Louis would write back (coached by his ministers) that a general European war could be avoided if compromise could be found.
Manhattan
John Wood the Elder and John Wood the Younger were father and son architects whom, early in the previous war (the war of Prussian Aggression), had received the contract for a beautiful design called "The Crescent" in the city of Bath, England. However, the war would slow construction to the point that it effectively halted. Then the nation was conquered and all funds disappeared. By this point, John Wood the Elder was dead and the younger would take his wife and most of his ten children to America where he pitched "the Circus" to King Henry XV of British North America (some still called him Henry I of America but he opted to follow the British conventions). Henry was not in a financial situation to build such an ambitious project but would hire John Wood the Younger for several smaller projects, including the relatively modest (by European standards) "Amsterdam Palace" which was named somewhat ironically after the old Dutch colony (no one exactly recalls why).
John Wood the Younger would die in 1782 before the Palace was completed (see below).
By 1798, the two sons of John Wood the Younger would brush off the old design created by their grandfather for "the Crescent" and pitch the design to dozens of potential customers.
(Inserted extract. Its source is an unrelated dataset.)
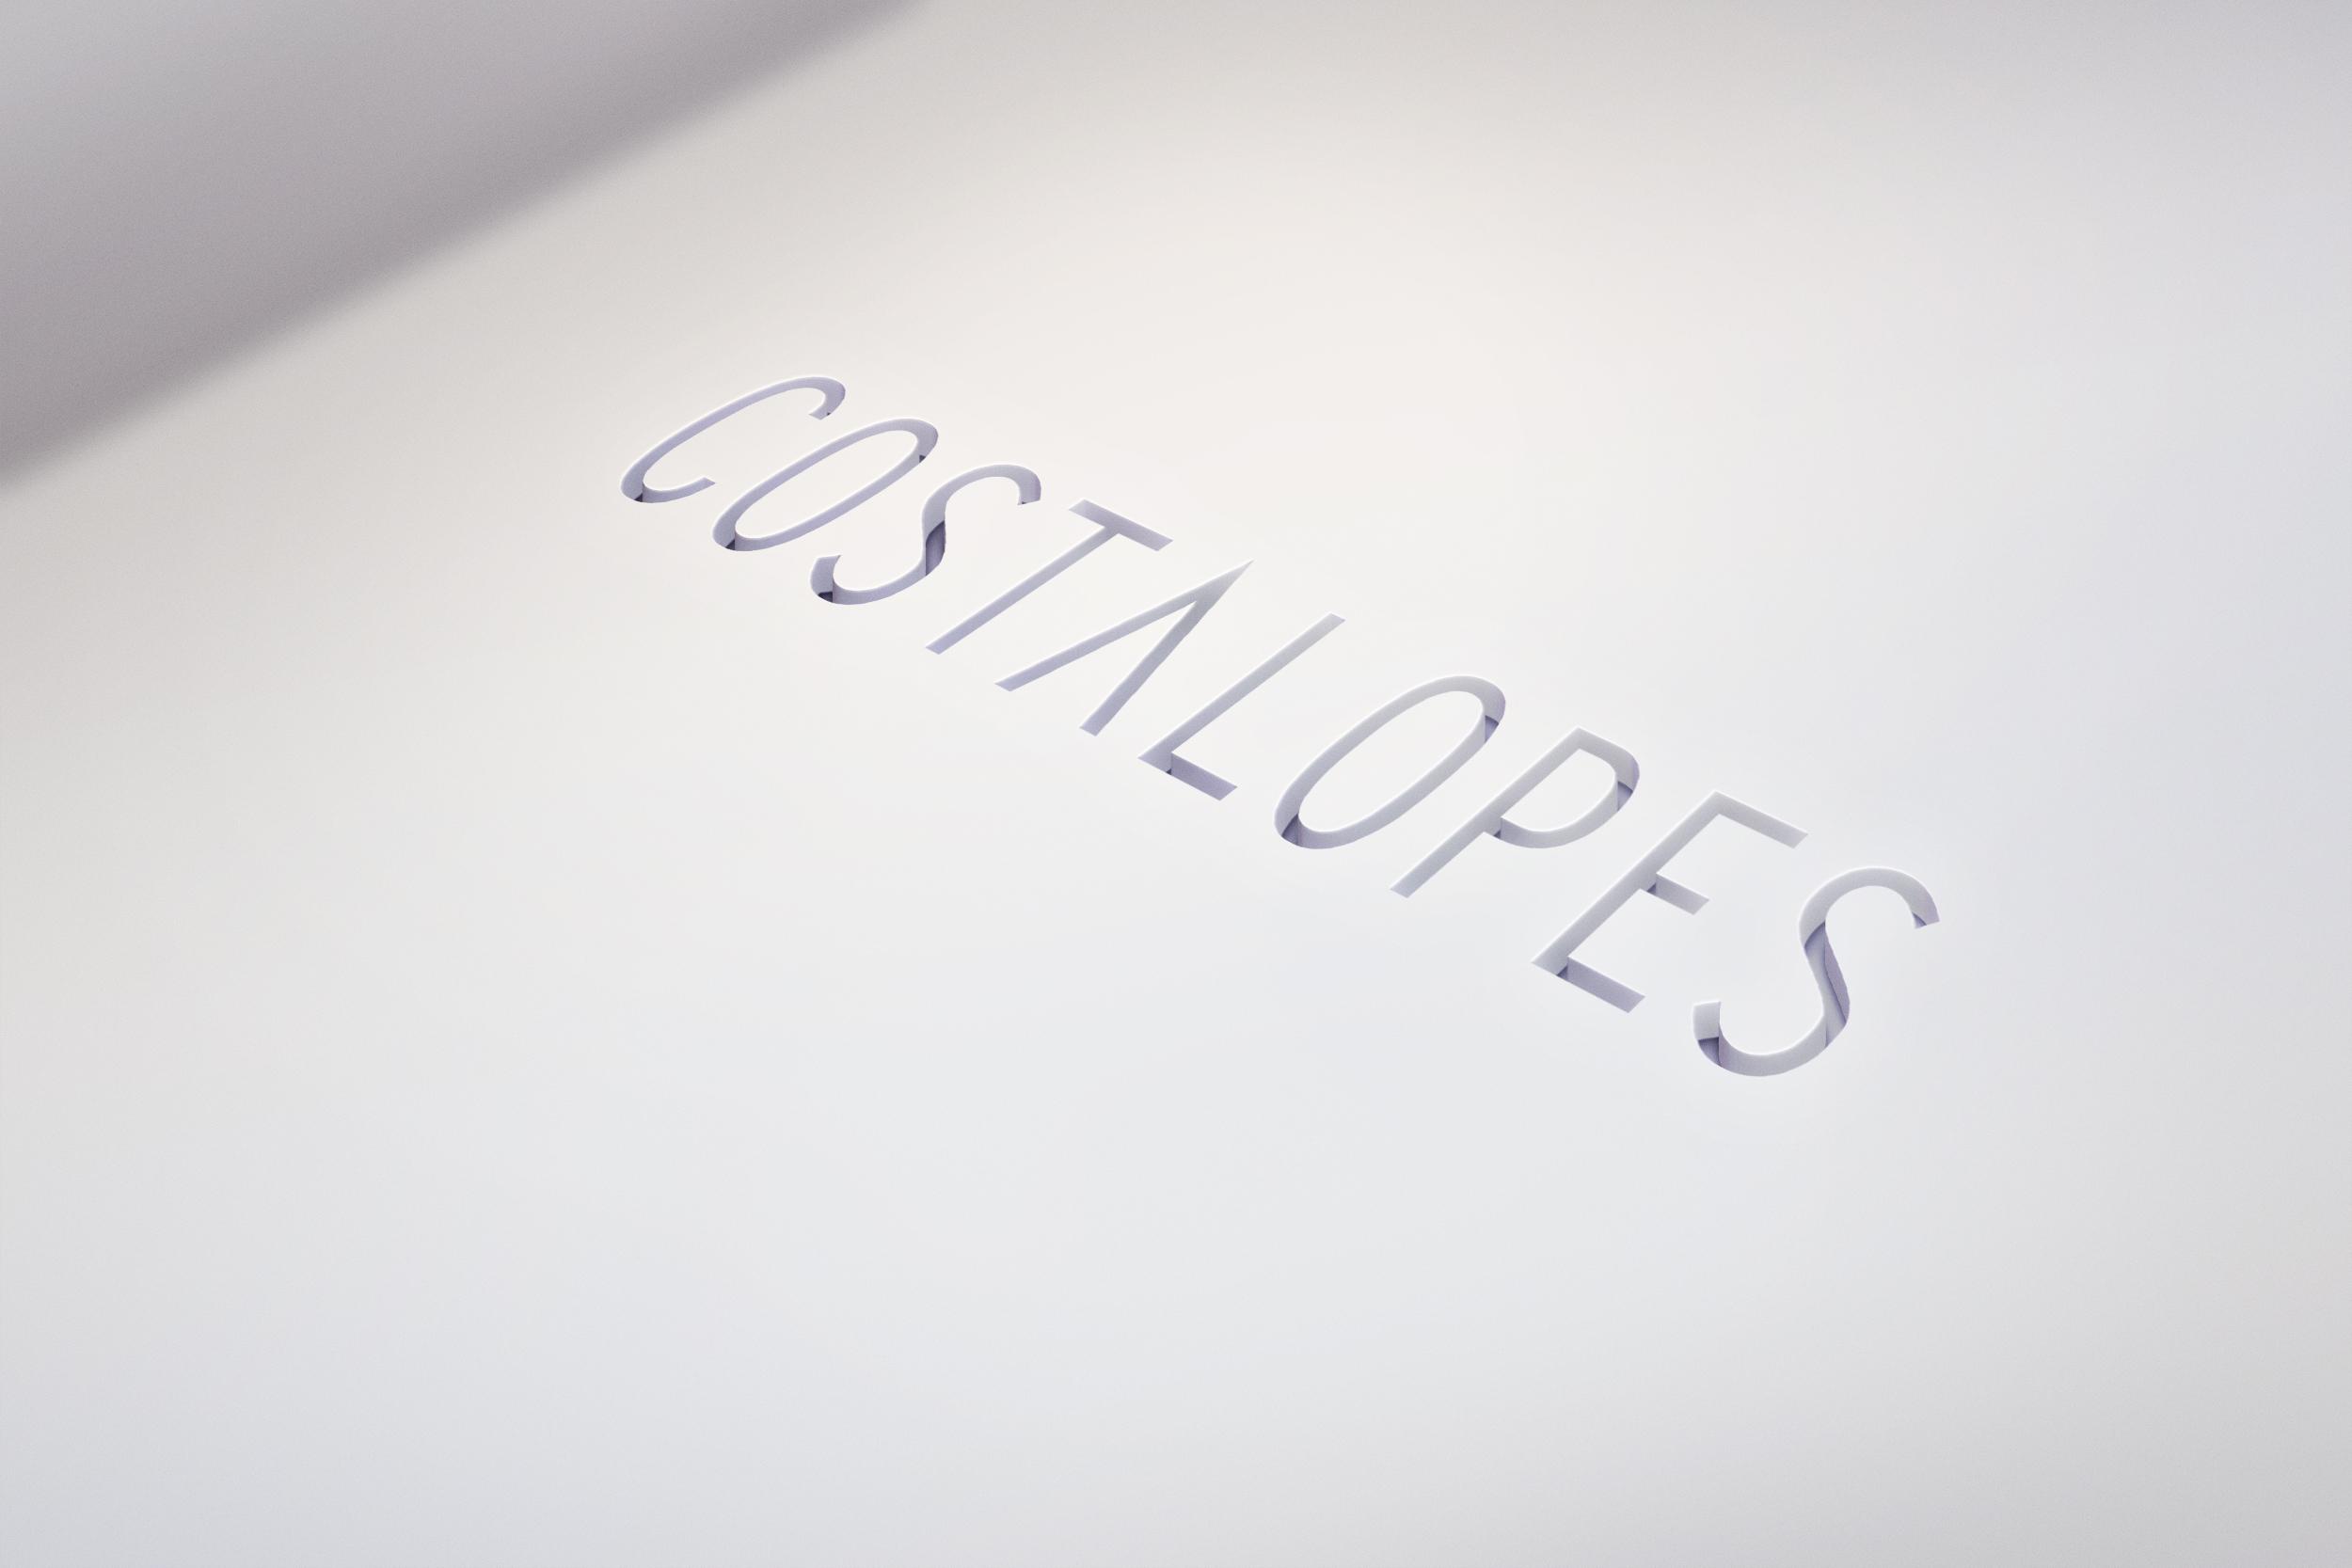 COSTA_LOPES_A.jpg

Few Americans had the funds for such a development. The Wood brothers would seek to gain a series of investors but largely failed. As it so happened, the growth of the nation would be the trigger for the belated approval to build the design.
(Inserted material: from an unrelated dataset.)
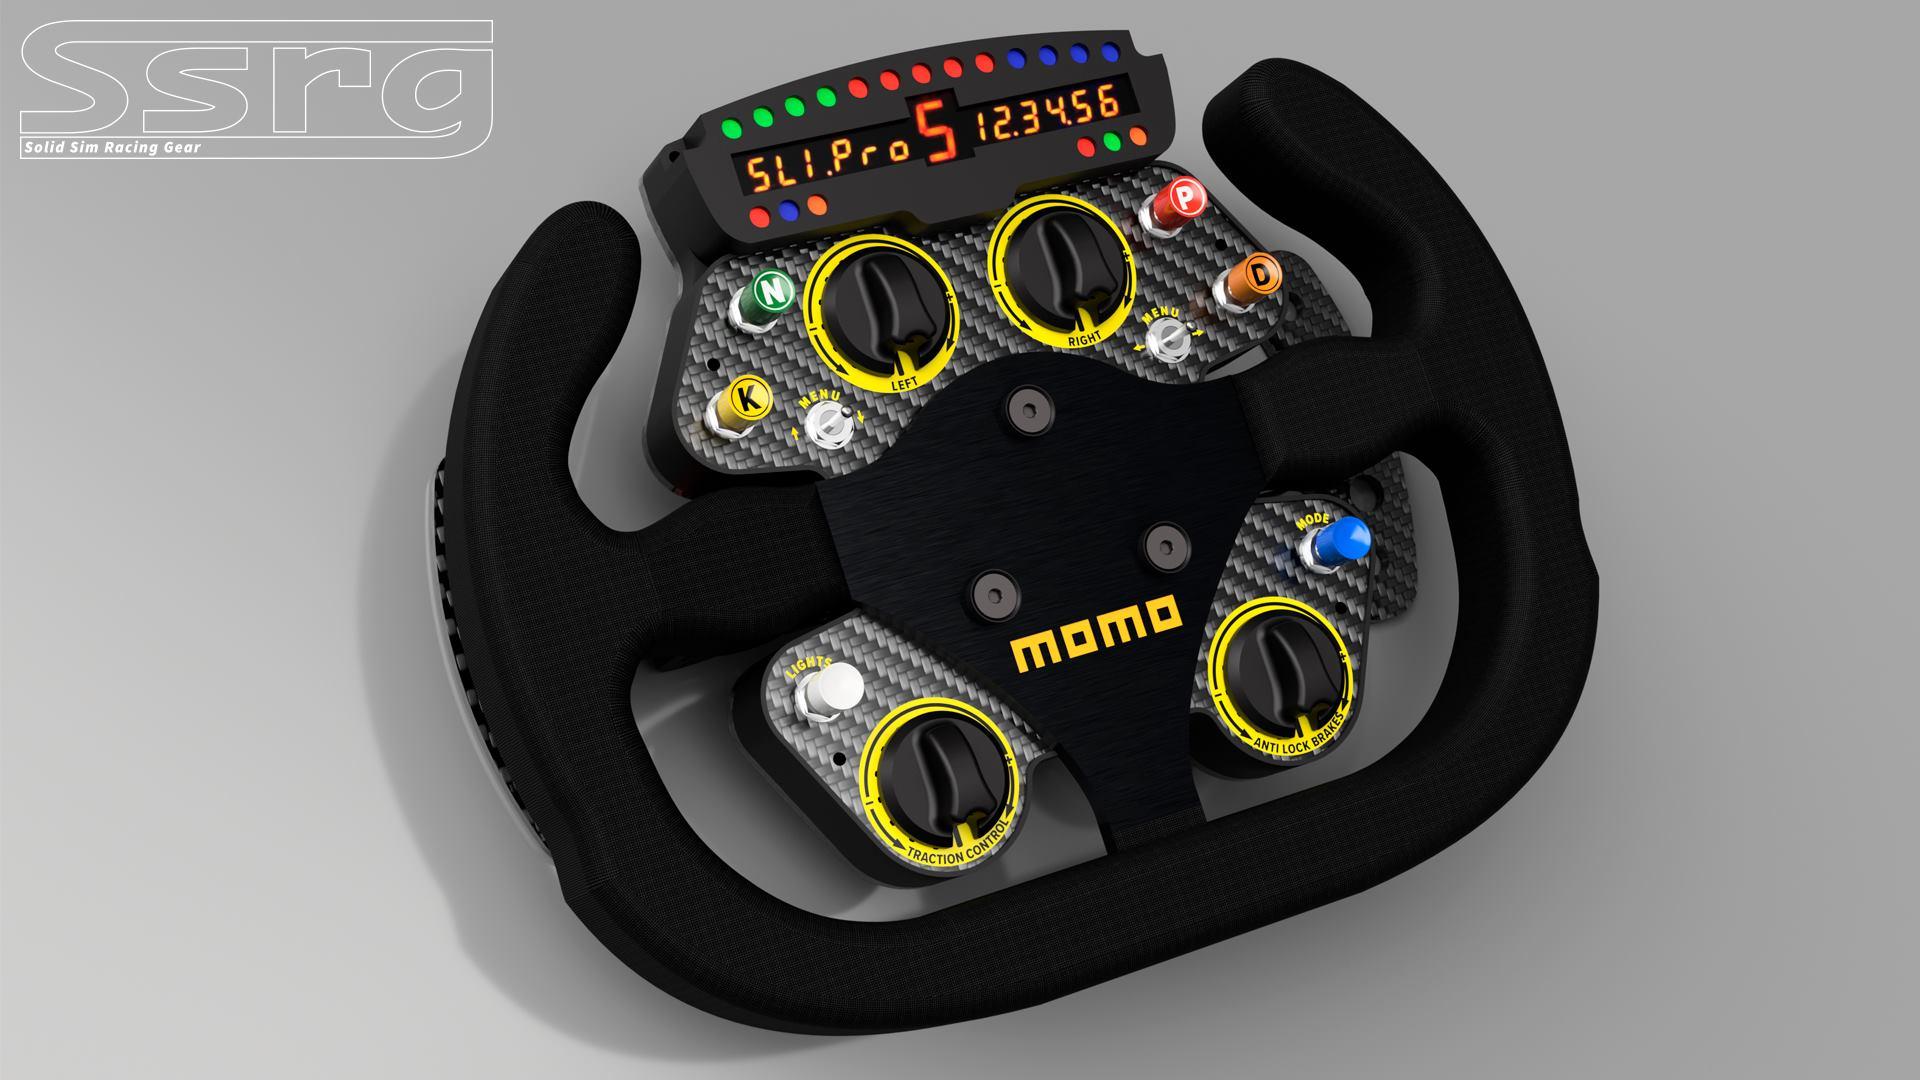 d couverte de la marque ssrg objectif racing le hub des simracers sur pc ps4 et xbox one. Black Bedroom Furniture Sets. Home Design Ideas

By 1798, the number of Dominions (and members of Parliament) had expanded greatly. The small Parliamentary Building erected only 20 years before would be deemed obsolete (and would later be given over as a home for the new National Gallery). The nation also had more funds available for such construction, particularly in the capital. A new segment of Manhattan would be set aside for a new Parliamentary Building along the East River. Several square blocks of development would be knocked down as would a portion of a local park a few local farms. There would be just enough land left for high-end housing for the ranking bureaucrats or Parliamentarians which were now flocking to the rapidly developing city.
The old "Crescent" once intended for Bath would fit nicely into the architectural preferences of the nation which still tended to look towards Britain culturally. The "Hanoverian" style had been stamped among many public and private buildings over the years in Manhattan and the "Crescent" would prove perhaps the blueprint for Manhattan development for the next half-century.